The Wall: Untold Stories, Unintended Consequences
The website for USA Today’s 2018 Pulitzer Prize-winning report on the U.S.-Mexico border and Trump’s planned wall features an interactive map of the border wall and fence as it stood in 2017, documentary videos, text and audio reports, and a virtual reality experience.

 

The Peace Walls of Belfast

Cosstick, Vicky. Belfast: Toward a City Without Walls. Colourpoint. 192p. ISBN 9781780730721. $29.95
Cosstick delves into the history of Belfast’s peace walls, erected between Catholic and Protestant neighborhoods, and the ways in which the surrounding communities and visitors interact with them. He offers a hopeful perspective toward the structures’ potential removal.

The Peacewall Archive
Funded by the UK Arts & Humanities Research Council, the archive aims to maintain comprehensive documentation of Belfast’s peace walls and includes maps, photographs, a time line, and links to resources for further reading and study.

 

Castles and Forts

Battle Castle. Parallax Film Productions. 2012. 270 min. $24.95 from MVD Entertainment Group.
In this six-episode series, historian Dan Snow explores six different castles, the building of their fortifications and defenses, and how they withstood—or didn’t—a critical historical siege. A tie-in book written by Snow, Battle Castles: 500 Years of Knights and Siege Warfare, is also available.

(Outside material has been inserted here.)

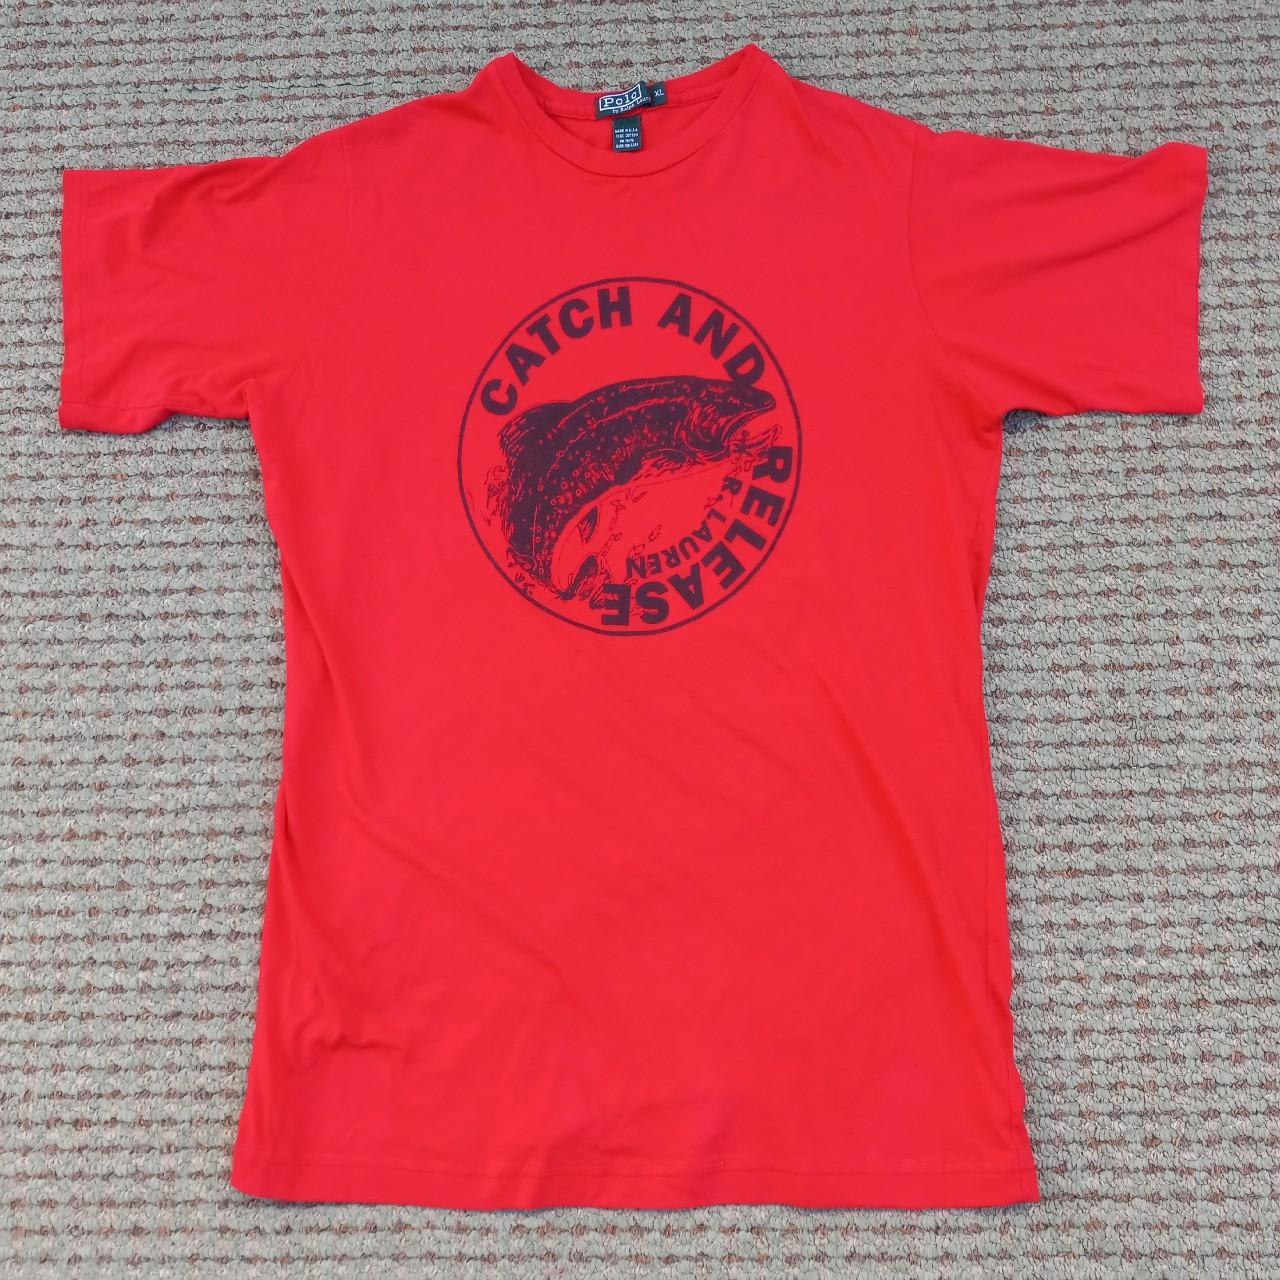 Vintage Polo Ralph Lauren Sportsman t-shirt. Catch... - Depop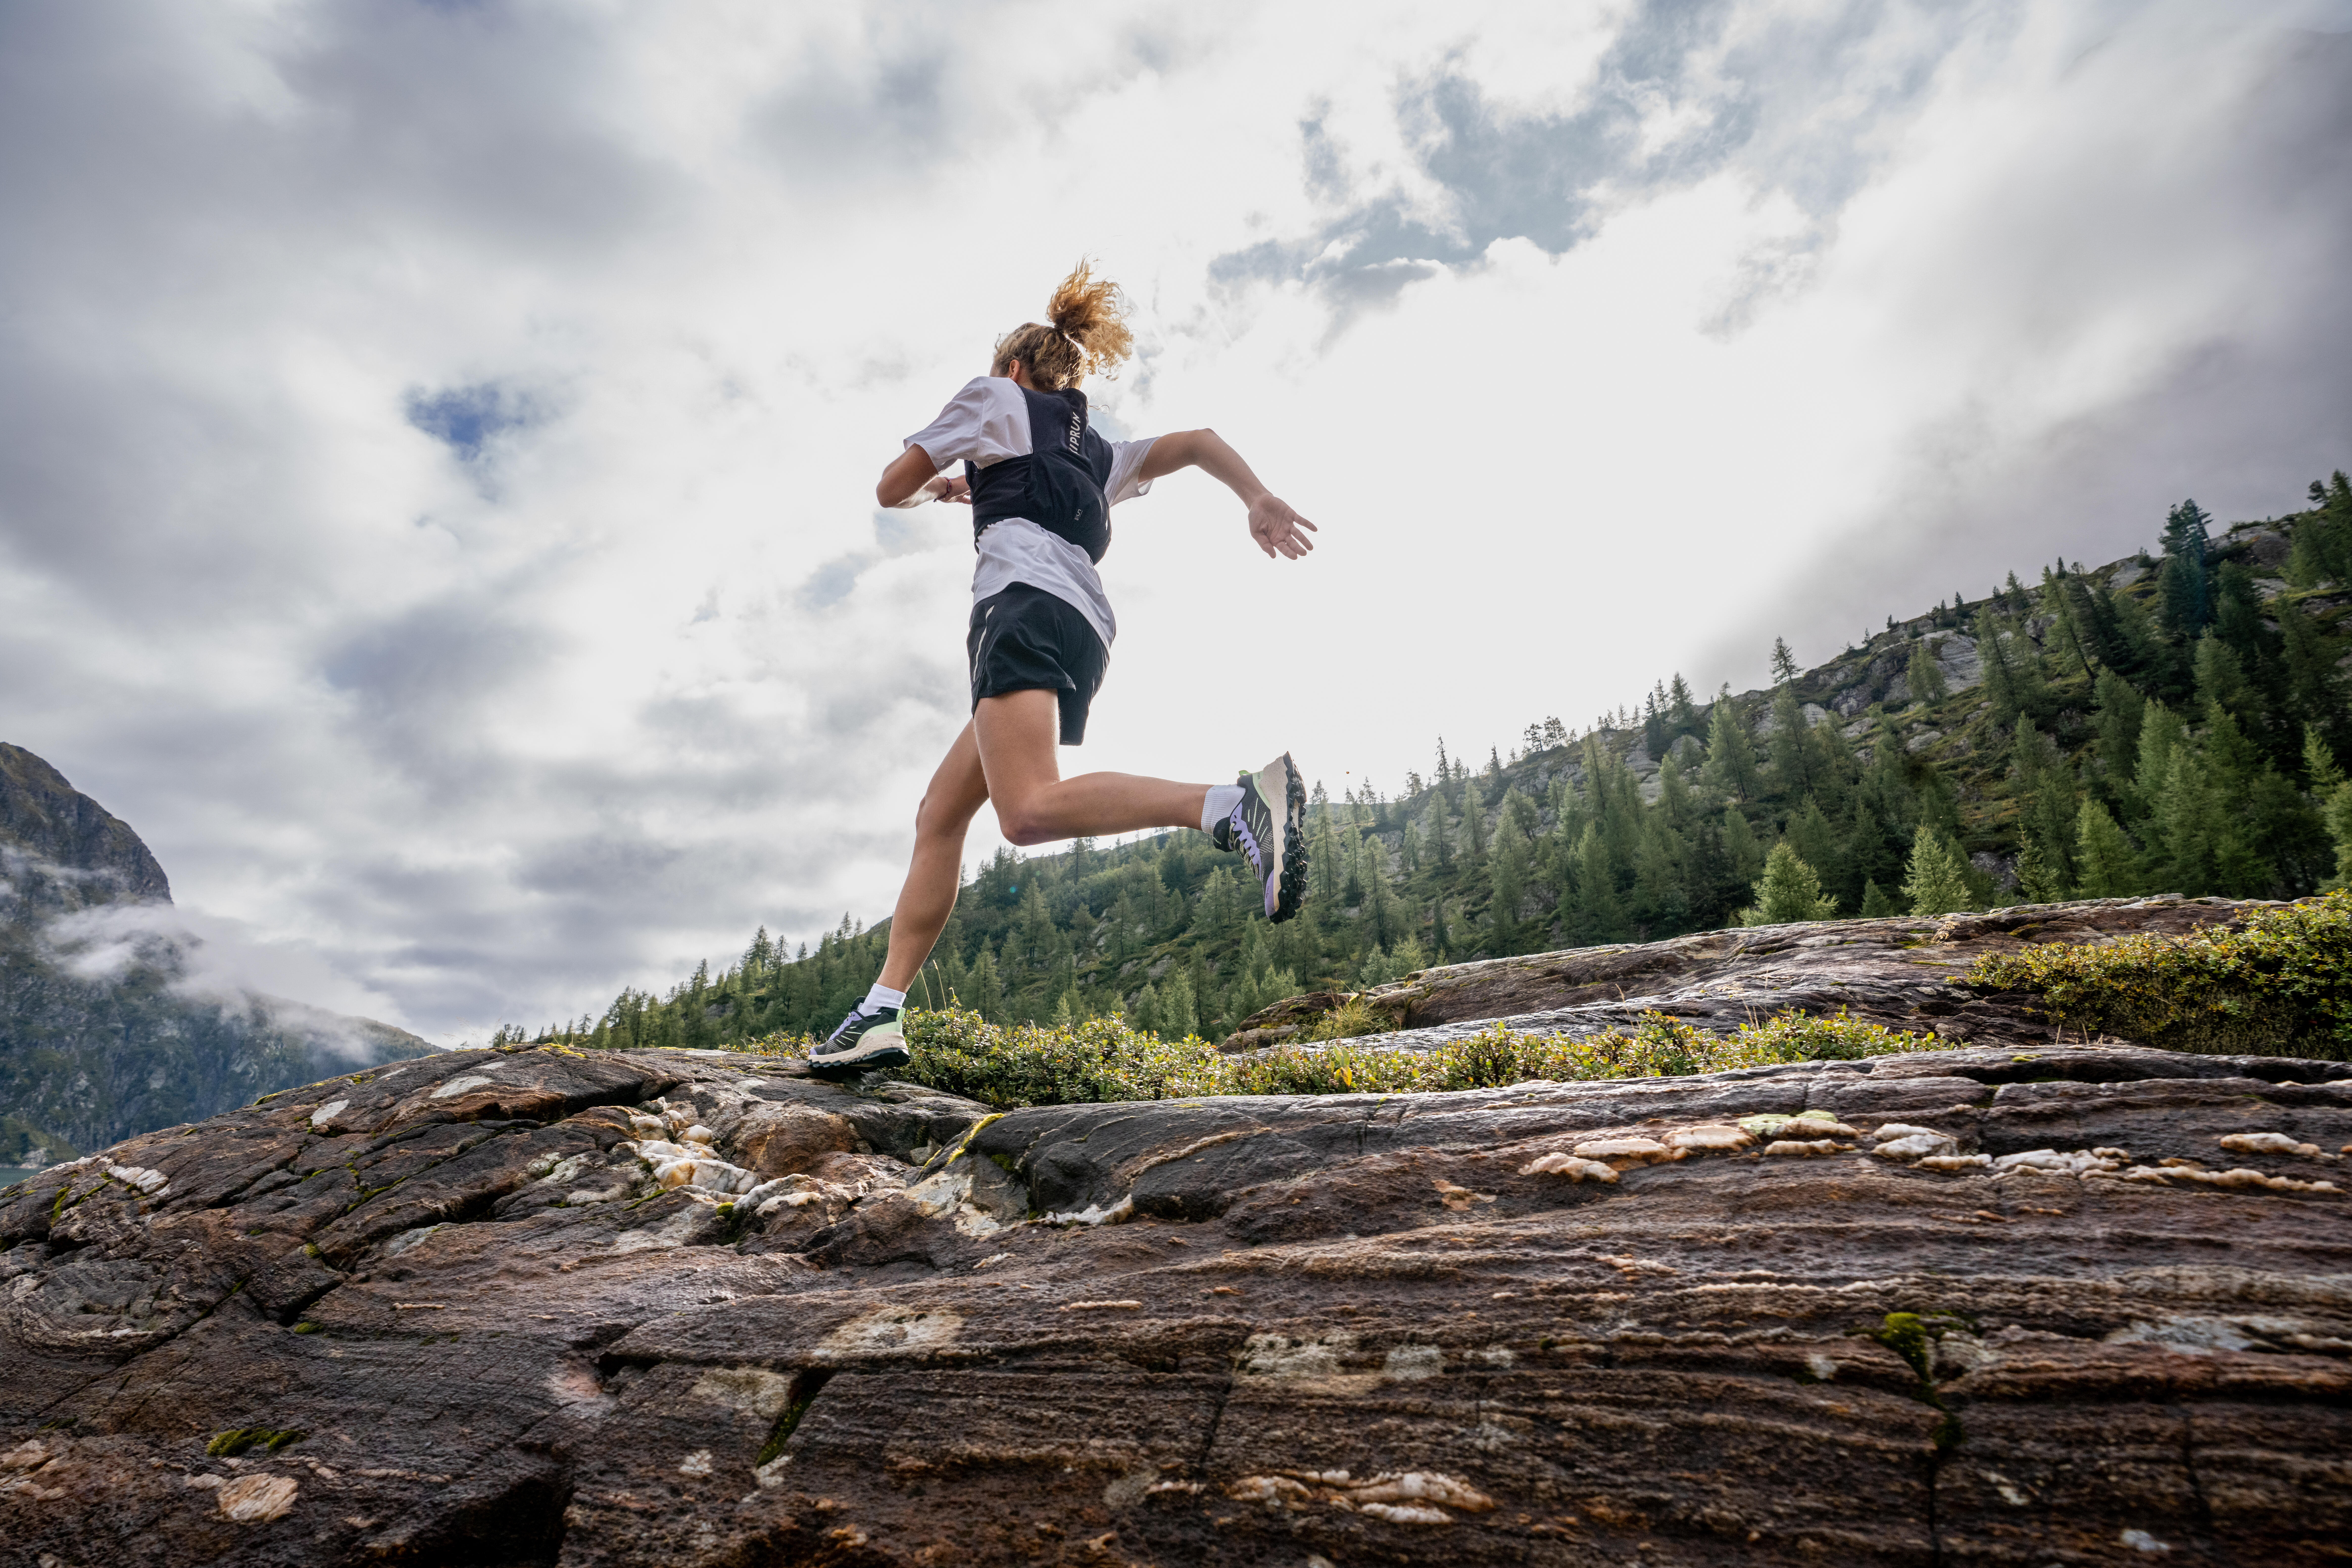 Women - Trail Running Short - Shorts

Gurstelle, William. Defending Your Castle: Build Catapults, Crossbows, Moats, Bulletproof Shields, and More Defensive Devices To Fend Off the Invading Hordes. Chicago Review. 2014. 176p. ISBN 9781613746820. pap. $16.95; ebk. ISBN 9781613746851.
For DIYers or those who’d like a lighter look at history, Gurstelle’s tongue-in-cheek book covers the history of six conquerors and the walls, moats, barricades, and weapons that stood against them, then follows with practical instructions for readers to build their own versions.

Kaufmann, J.E. & H.W. Kaufmann. The Medieval Fortress: Castles, Forts, and Walled Cities of the Middle Ages. Da Capo: Perseus. 2004. 320p. ISBN 9780306813580. pap. $25.
The authors dig into the history of forts and castles from a military perspective, detailing the elements of fortification and the chronological development of castles as defensive installations beginning in the Middle Ages and continuing through the fall of Rome.